According to Proverbs 6:16-19, the Lord hates “a false witness who breathes out lies, and one who sows discord among brothers.” The Washington Post found that Trump told nearly 30,600 lies while president, more than six per day. Editorialists and historians have called him the most “accomplished and effective liar” ever in American politics,” and a “serial liar” who “will say anything to satisfy his supporters or himself’.”
Trump was found guilty of a multi-year scheme to fool lenders by misrepresenting the value of his assets. But the Bible says, “No one who practices deceit shall dwell in my house” (Psalm 101:7).
Now, Trump is selling Bibles to profit from the same scripture that condemns many of his actions.
Trump’s un-Christian behaviors are especially egregious when they threaten irreparable damage to the environment.
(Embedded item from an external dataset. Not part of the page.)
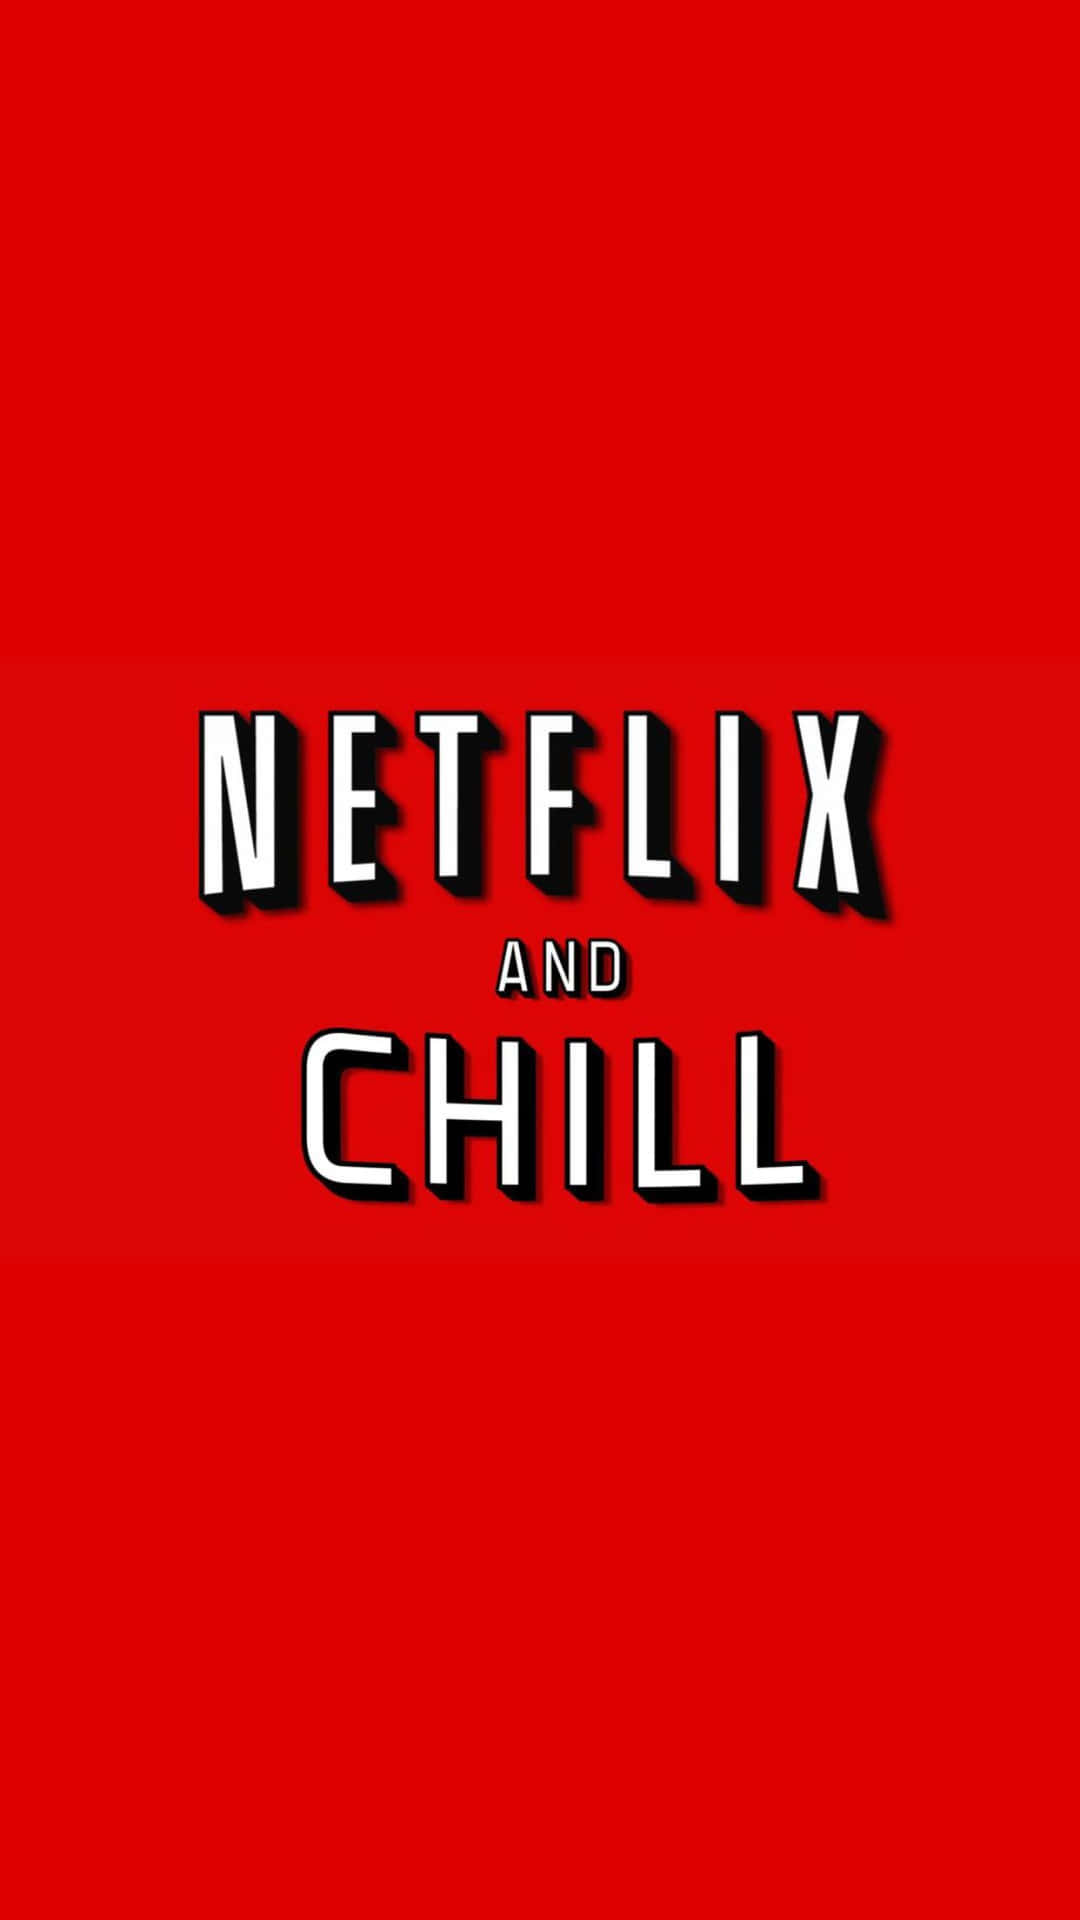 Netflix And Chill Aesthetic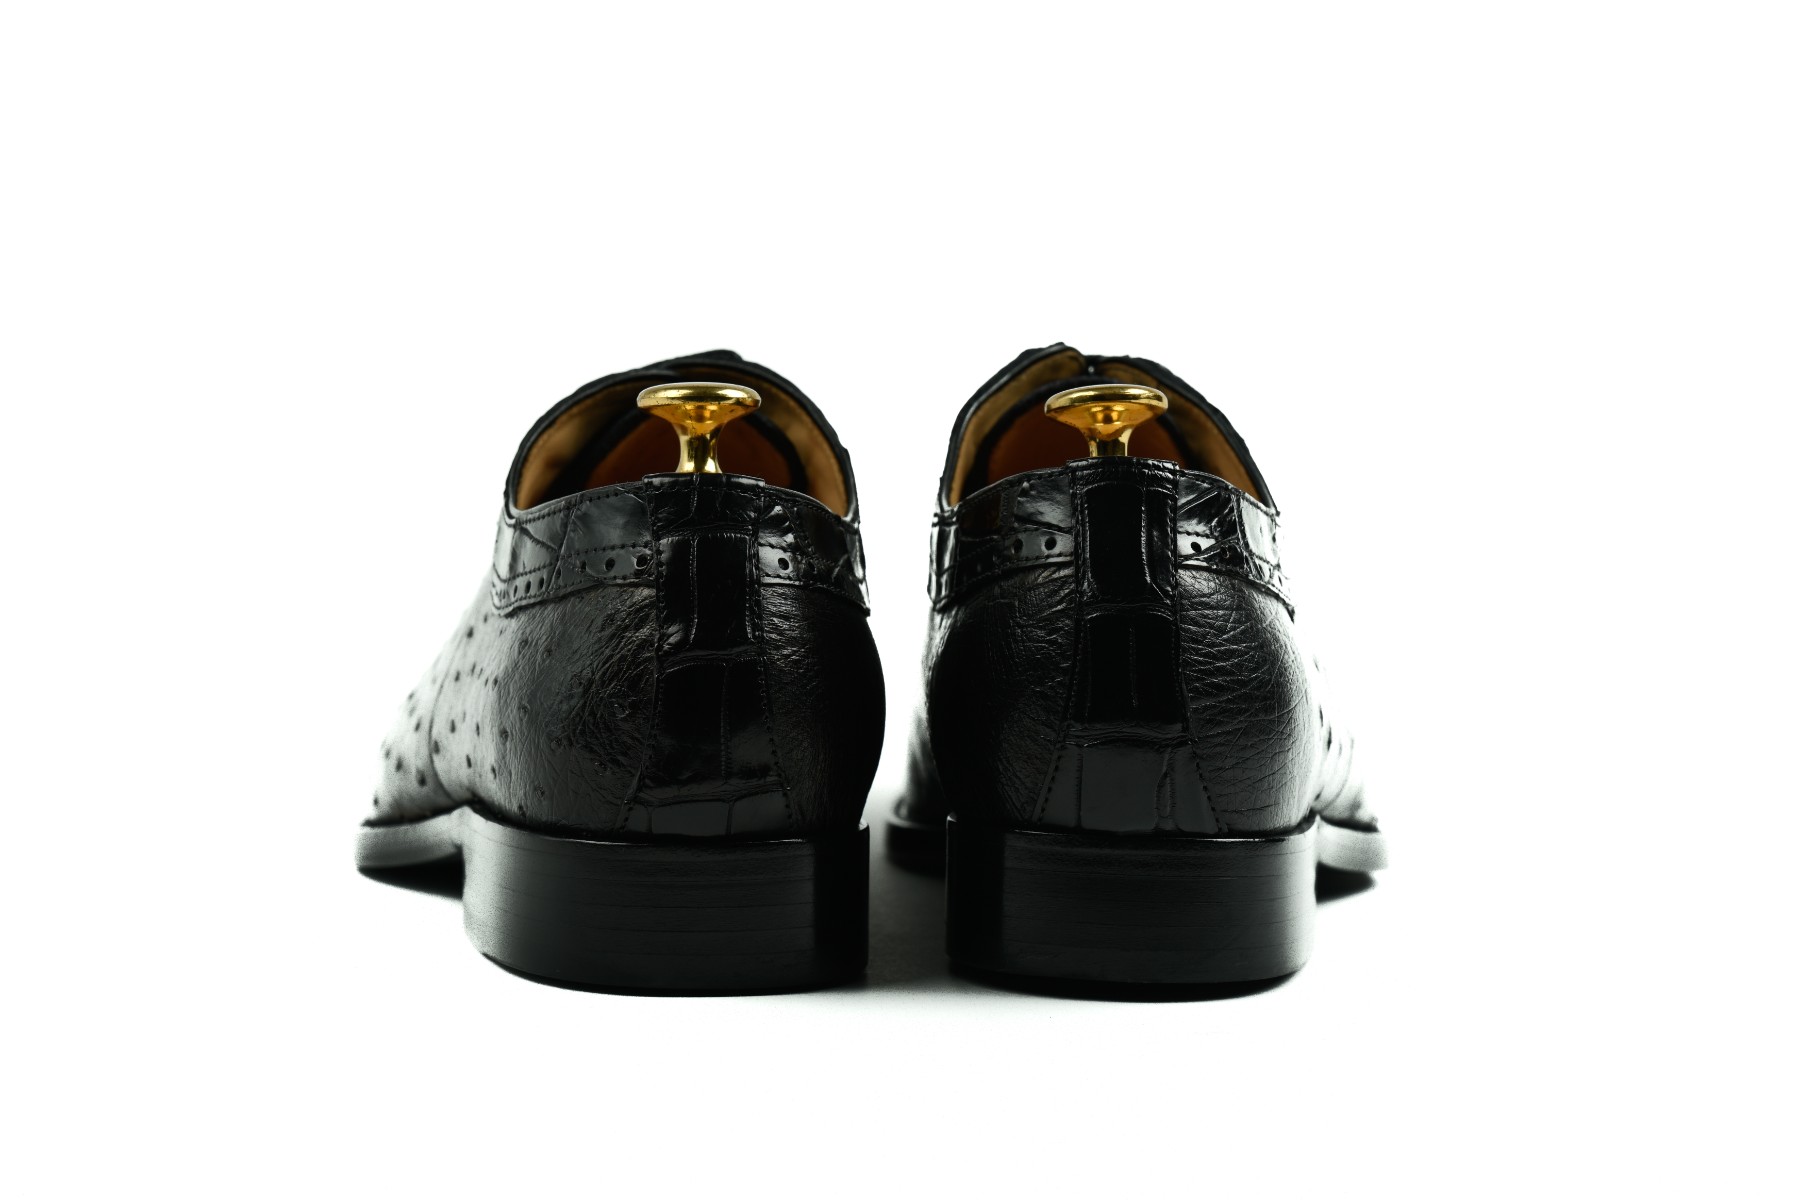 Cordwainers Brier Black Alligator Leather Shoe

The National Association of Evangelicals points out, “We are not the owners of creation.” Instead, “we are … summoned by God to ‘work it and take care of it.’” (Genesis 2:15)
Yet, Trump’s administration reversed, revoked or rolled back more than 100 environmental rules. He withdrew the United States from the international agreement to get the mother of all environmental crises, global warming, under control. He still calls climate change a “hoax.” And he promises that “drill, drill, drill” will be one of his first dictates if he wins the office again.
These positions directly contradict Laudato Si, the historic encyclical Pope Francis issued in 2015 about caring for “our common home.” The pope wrote, “Never have we so hurt and mistreated our common home as we have in the last two hundred years. Yet, we are called to be instruments of God our Father, so that our planet might be what he desired when he created it. …
“The problem is that we still lack the culture needed to confront this crisis. … There are too many special interests, and economic interests easily end up trumping the common good and manipulating information so that their own plans will not be affected. … The problem is aggravated by a model of development based on the intensive use of fossil fuels.”
Pope Francis issued an addendum last fall, scolding world leaders for failing to confront global warming. He criticized “attempts to deny, conceal, gloss over or relativize the issue,” the world’s “growing technocratic paradigm,” the tendency to view nature as “an object for exploitation,” and ineffective world organizations.
The Evangelical Lutheran Church in America says, “We see the despoiling of the environment as nothing less than the degradation of God’s gracious gift of creation. … God’s command to have dominion and subdue the earth is not a license to dominate and exploit it.”
The Evangelical Environmental Network has issued a “Declaration on the Care of Creation,” which says, “God’s purpose in Christ is to heal and bring to wholeness not only persons but the entire created order.”
However, the most relevant and important citations from the Bible right now are from the Sermon on the Mount and Jeremiah 14:14. Jesus warned, “Beware of false prophets, who come to you in sheep’s clothing but inwardly are ravenous wolves. You will know them by their fruits.” In Jeremiah, the Lord warns, ‘The prophets are prophesying falsehood in My name. I have neither sent them nor commanded them, nor spoken to them; they are prophesying to you a false vision, divination, futility, and the deception of their own minds.”
This November, every voting station in the United States should have those warnings posted outside.
William Becker is executive director of the Presidential Climate Action Project (PCAP), a nonpartisan initiative founded in 2007 that works with national thought leaders to develop recommendations on national climate and energy policies. He is a former senior official at the U.S. Department of Energy.